It’s natural for things to change, but it is important not to allow change to make you worse off than before. This is known as progress. For MSPs, the evolutionary change can be tracked as far back as when they were VARs desperately trying to find a better business model than reselling product. Most VARs have found the managed services business model to be their ticket out of low margin and unpredictable revenue.
Since 2009, MSPs have been faced with another inflection point where they must choose how they will change; to adopt new service and business model techniques, or do nothing and risk irrelevance, or worse. The MSPs that chose to adopt to the cloud computing mania that emerged in 2008 have faced numerous opportunities and challenges.
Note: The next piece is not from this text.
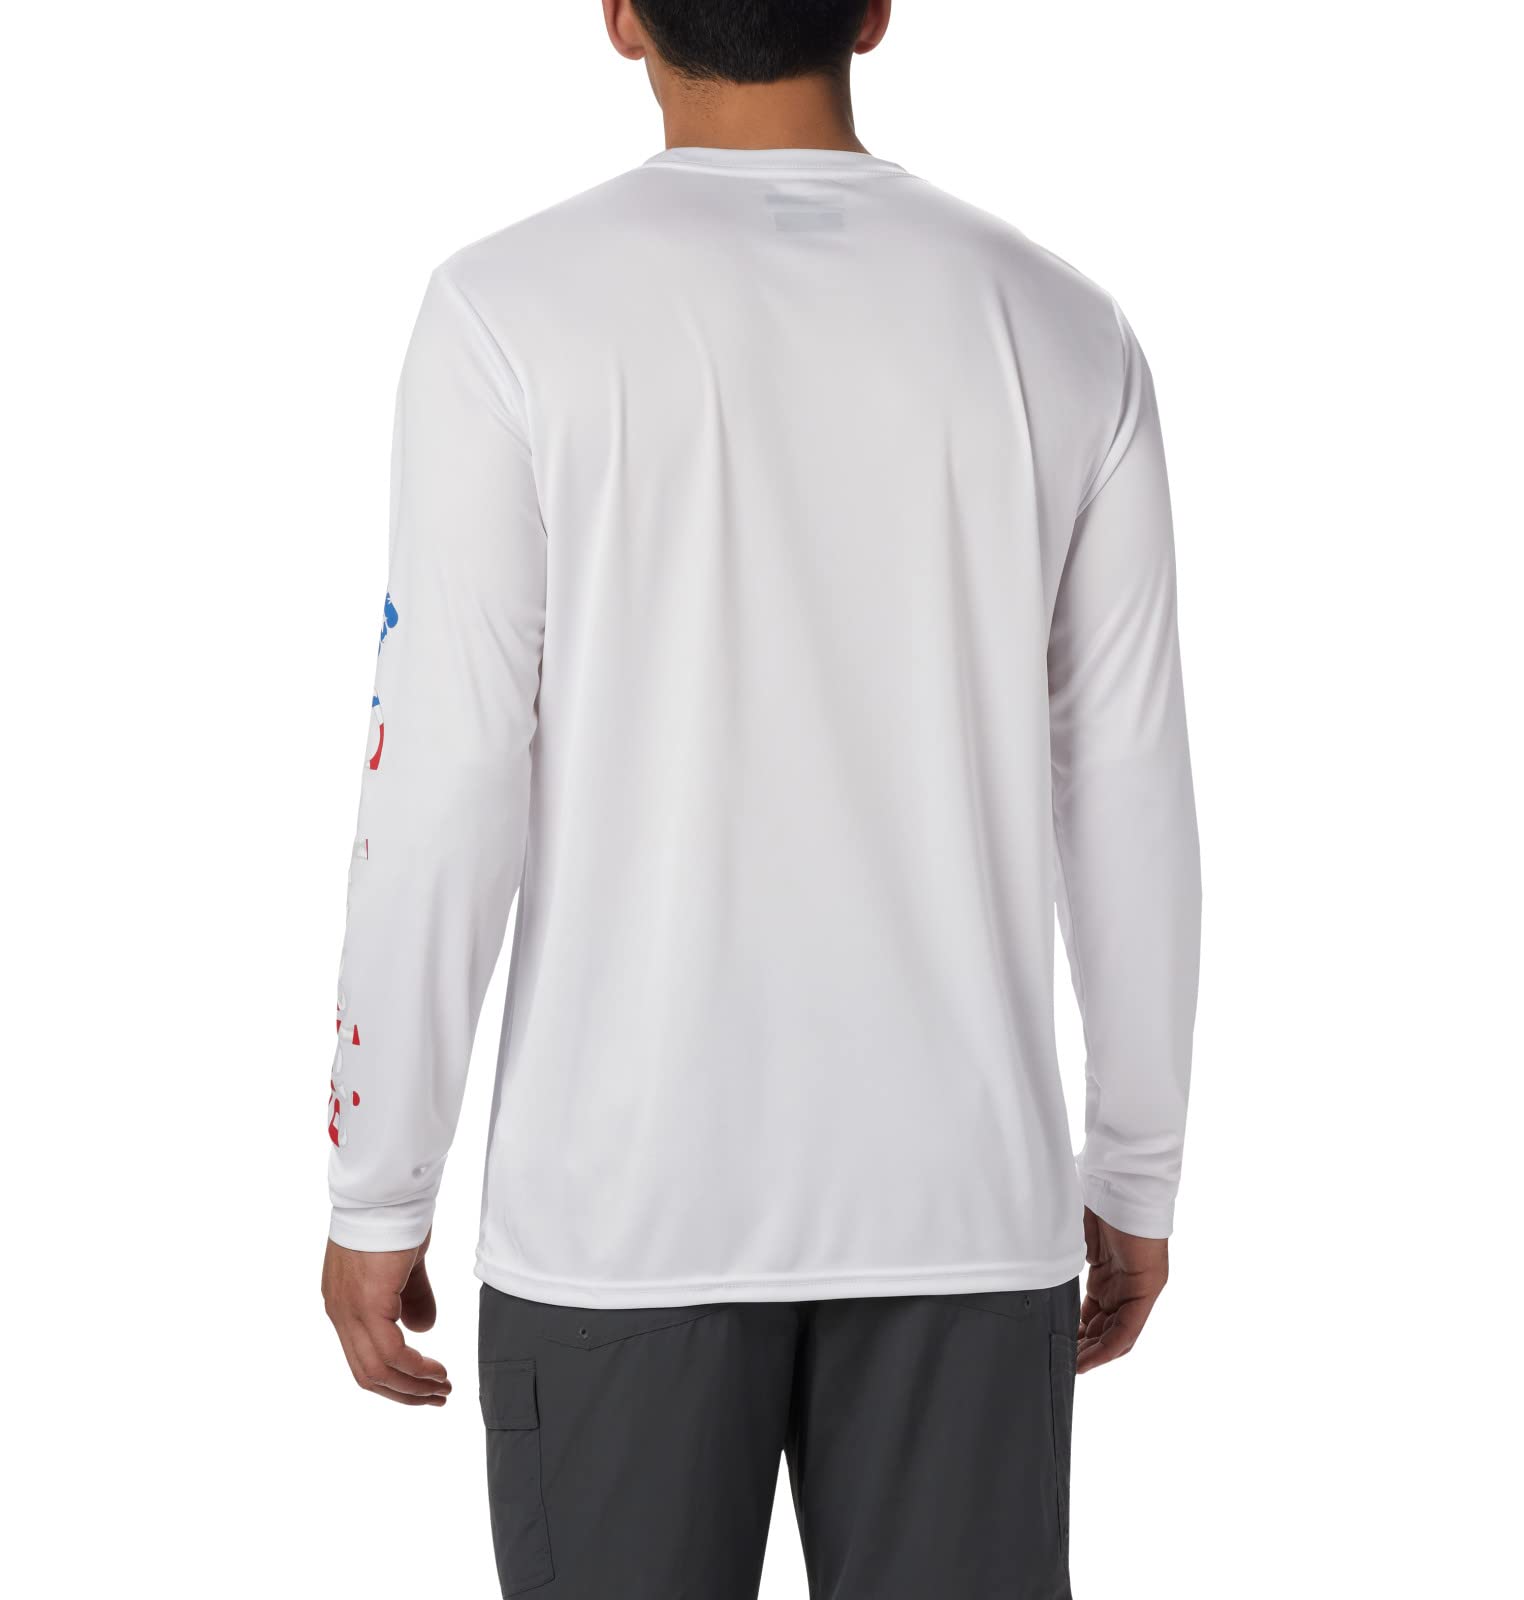 Columbia Men's Terminal Tackle PFG Long Sleeve Shirt

Perhaps the most significant challenge MSPs have faced deals with the role MSPs enjoy with their customers in this new cloud era.
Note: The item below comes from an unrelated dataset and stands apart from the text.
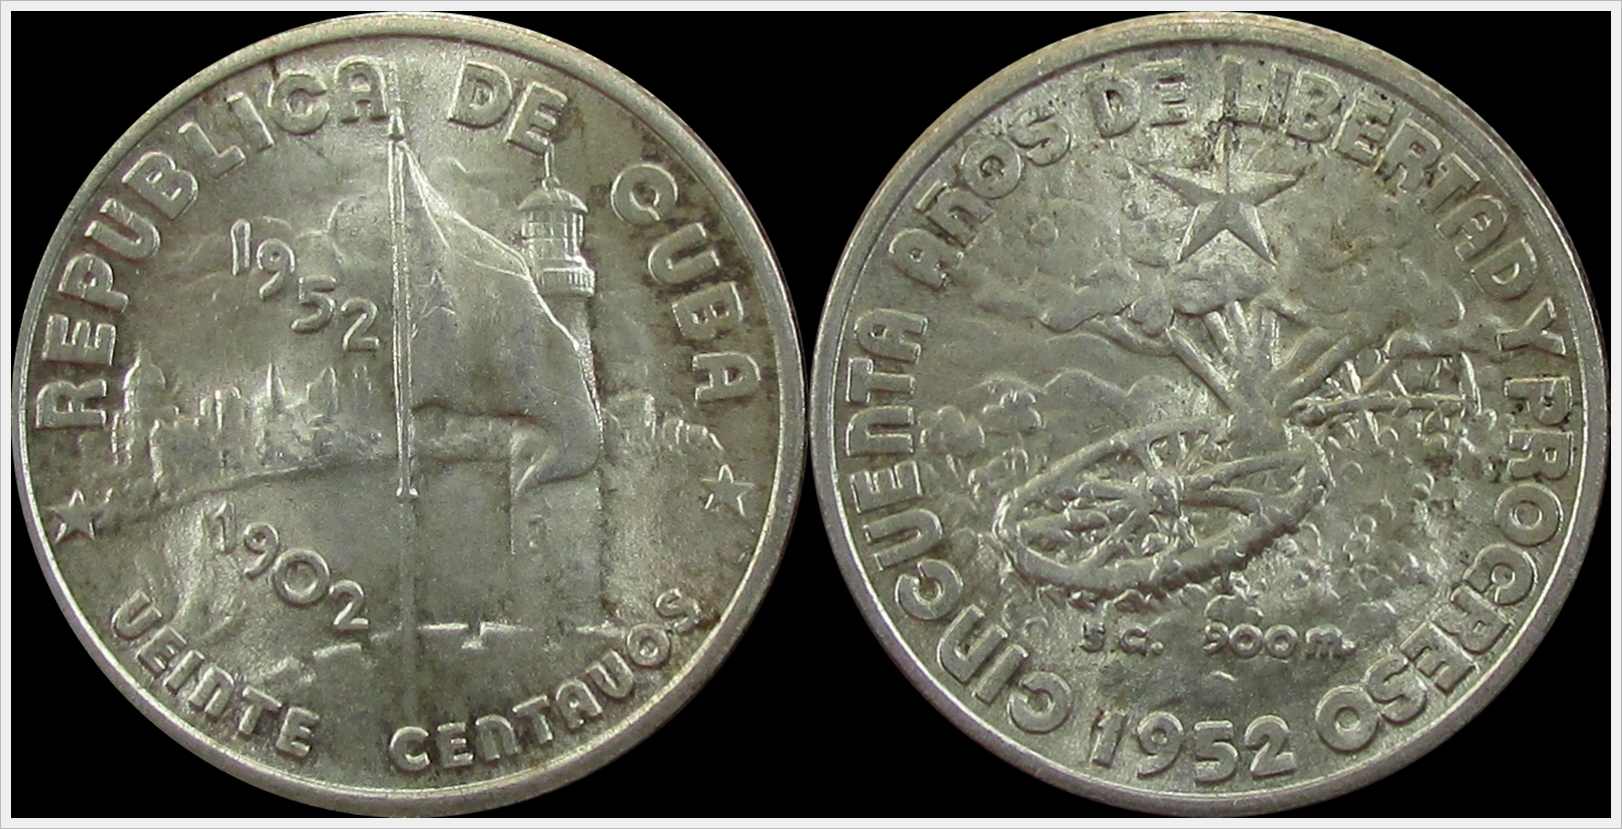 Cuba 1952 20 Centavos.jpg

Don’t Let Cloud Make You Irrelevant
Cloud computing, for all the good it has brought, has also forced MSPs to decide how they will interact with their customers: as trusted advisors or brokers of commodity cloud services. Some MSPs have chosen the commodity path and now find themselves facing difficult decision in the future.
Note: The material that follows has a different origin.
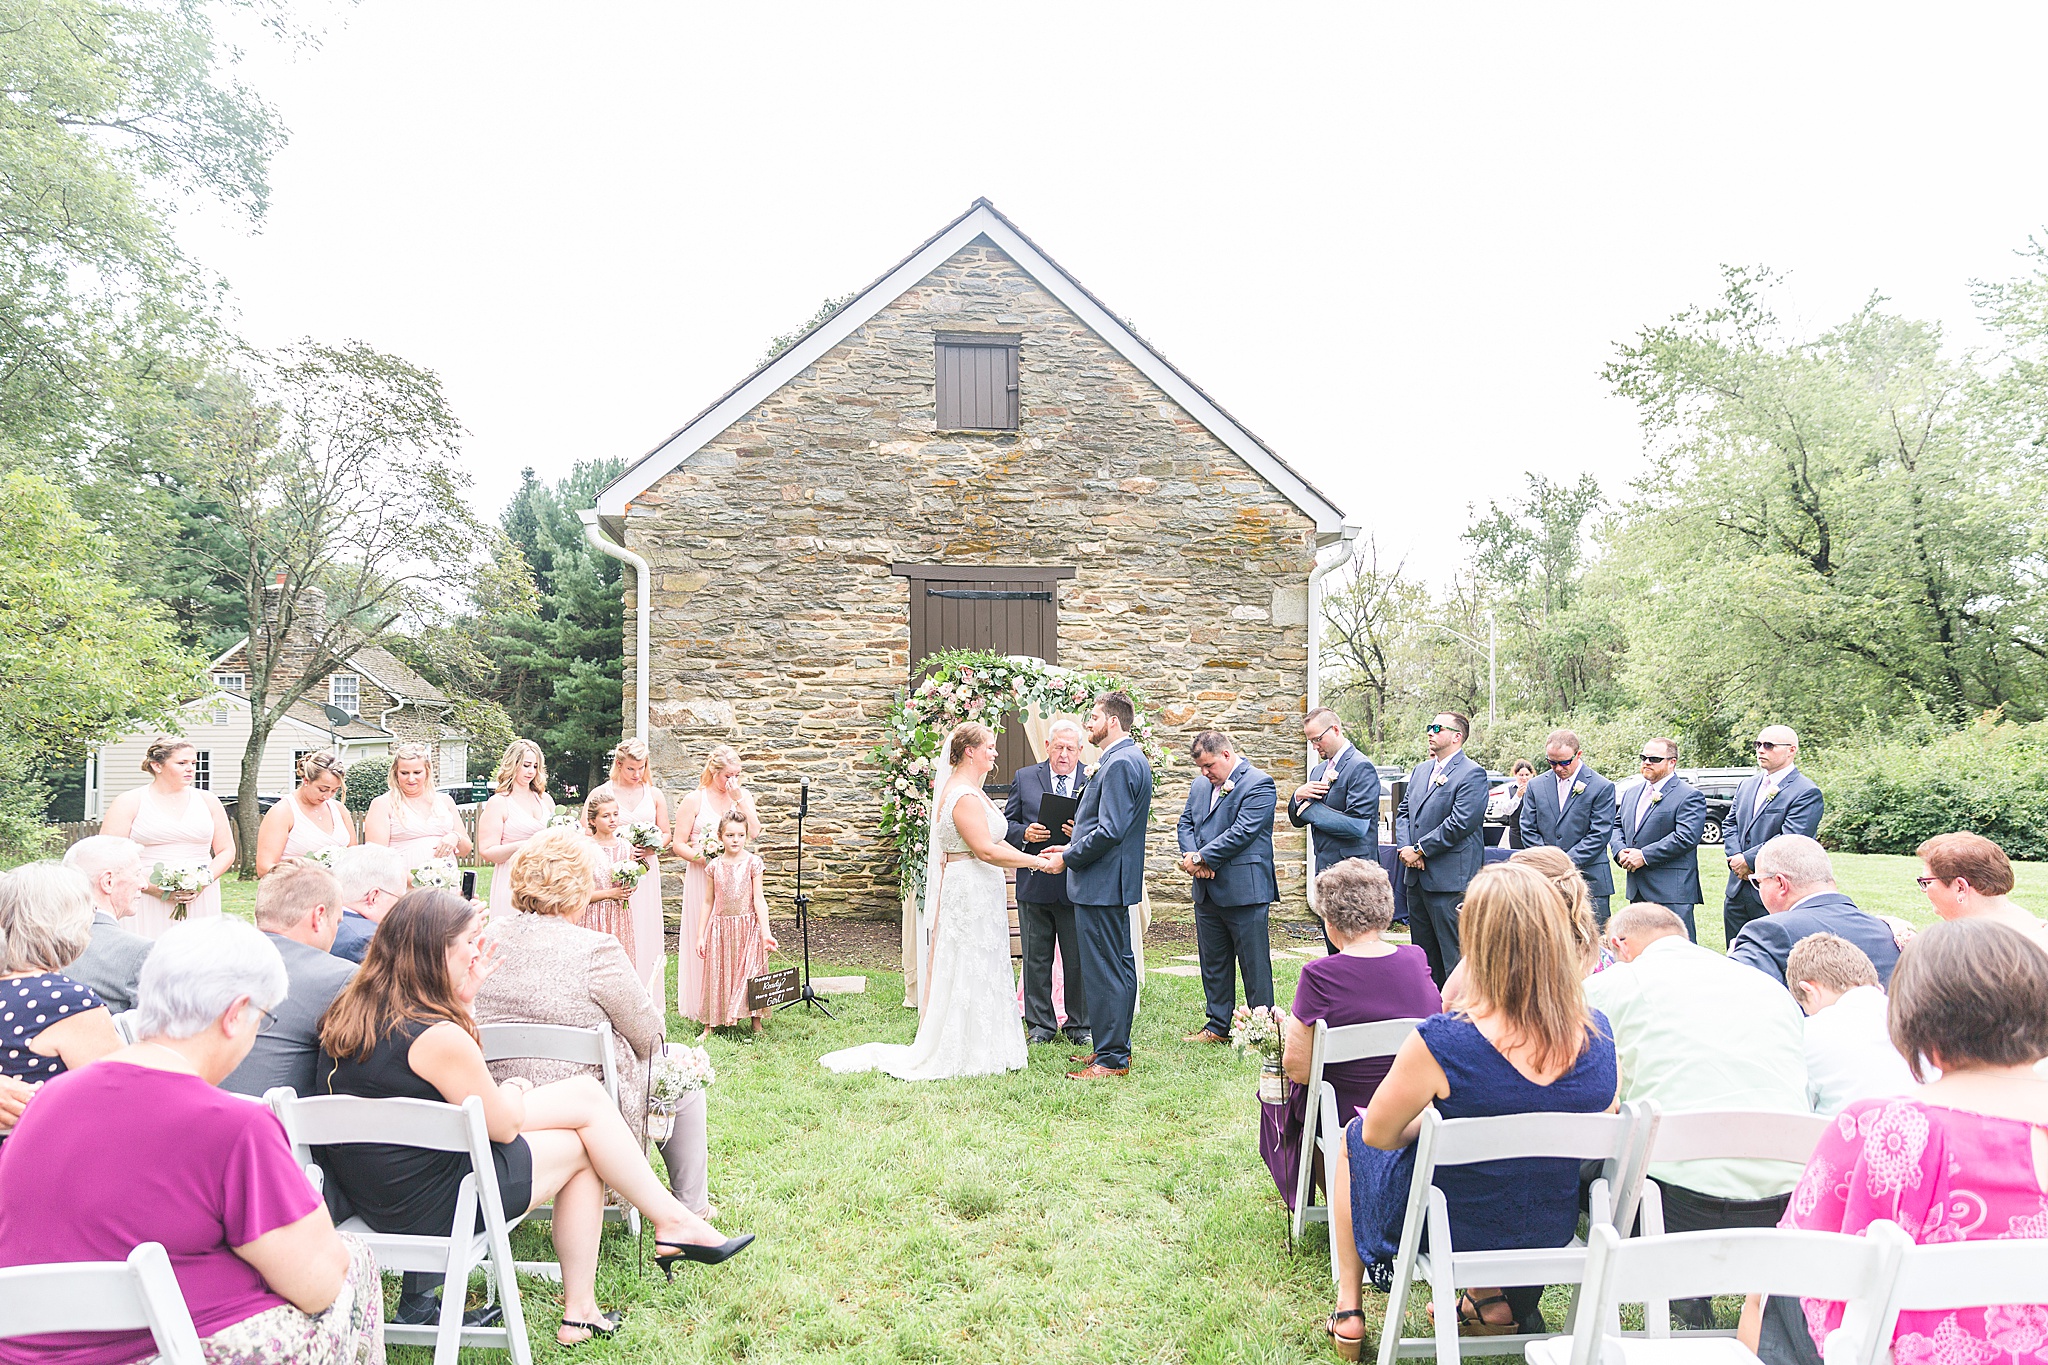 Waverly Mansion wedding ceremony photographed by Maryland wedding photographer Alexandra Mandato Photography

Cloud was never about a long term strategy. It was a short term and immediate fix to an urgent economic problem facing the majority of businesses in 2008-2009. MSPs should never forget their function in the world, as trusted advisors who wield great influence with their customers.
Having a cloud strategy and offers customers choice without relegating the MSP to a mere reseller agent is the end goal. An MSP’s cloud offering should balance their high value services with their lower margin products. This is the way it has always been, AMD hopefully, the way it will continue to be.
MSPs who make the majority of their offerings commodity cloud offerings risk everything. Not only will the MSP face economic challenges as a result of this strategy, they risk losing the respect and trust of the customers.